Curt Hansen (born September 18, 1964, in Bov, Sønderjylland) is a Danish chess grandmaster and a former World Junior Champion. He is a six-time Danish Champion.

Chess career
A strong junior player, Hansen had major successes in international youth competitions, commencing with the then Groningen-based European Junior Chess Championship, where he finished first in 1982 and second in 1983. The next year, he became the World Junior Champion in Kiljava, ahead of Alexei Dreev and beating the defending champion Kiril Georgiev, and was awarded the International Master title. In 1985, he became a Grandmaster after earning the necessary norms.

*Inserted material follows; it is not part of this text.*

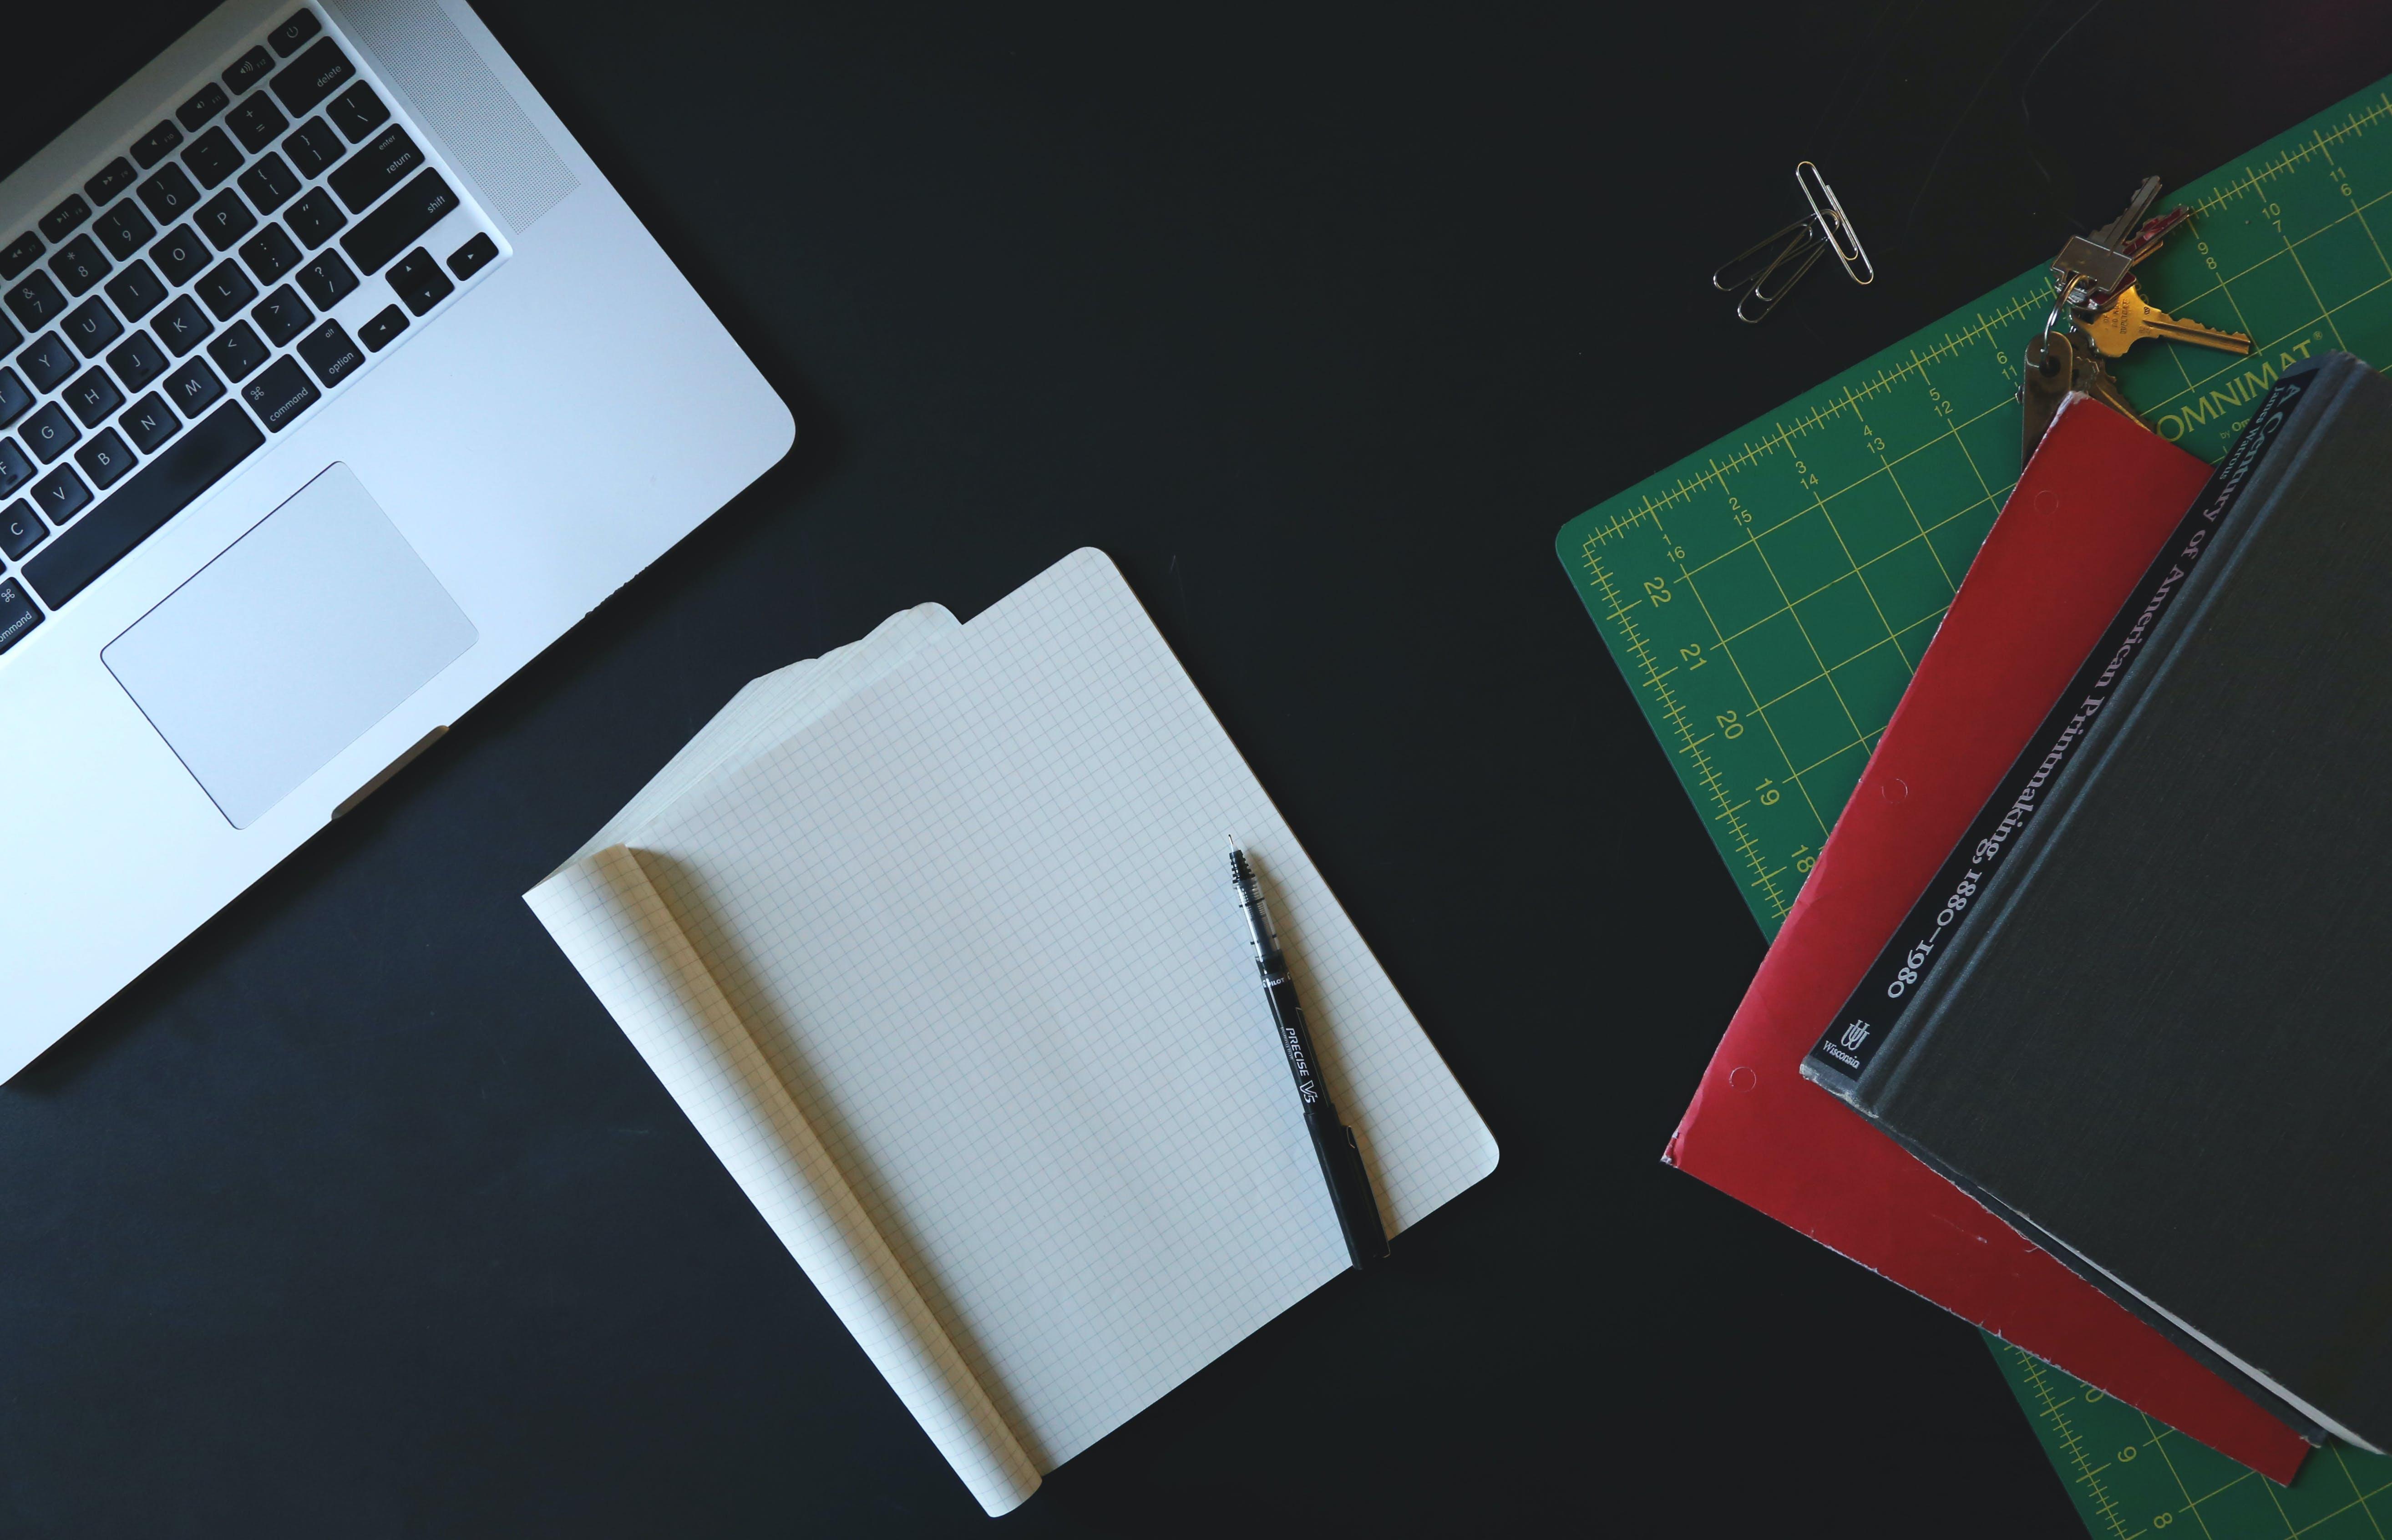 White Printer Paper Beside Macbook Pro on Black Surface

In domestic chess, he succeeded Bent Larsen as Denmark's strongest player and between 1983 and 2000 won the Danish Championship six times. By 1992, his rating had reached 2600 and later the same year rose to 2635, giving him his best ever ranking, tied for 14th place on the FIDE list.

Hansen has represented his country five times at the Olympiad between 1984 and 2000, always playing  and always scoring in excess of 50%. He was twice shared winner at the traditional Sigeman & Co. tournament in Malmö, in 1994 (with Ferdinand Hellers) and in 2004 (with Peter Heine Nielsen), ahead of Magnus Carlsen and Alexander Beliavsky. His list of international tournament successes also includes outright or shared first places at Borgarnes 1984, Vejstrup 1989 (ahead of Ian Rogers, including all three Polgar sisters in a round robin of ten players), Groningen 1991, Tastrup 1992, Aalborg 1994, Vejle 1994, and Reykjavík Zonal 1995.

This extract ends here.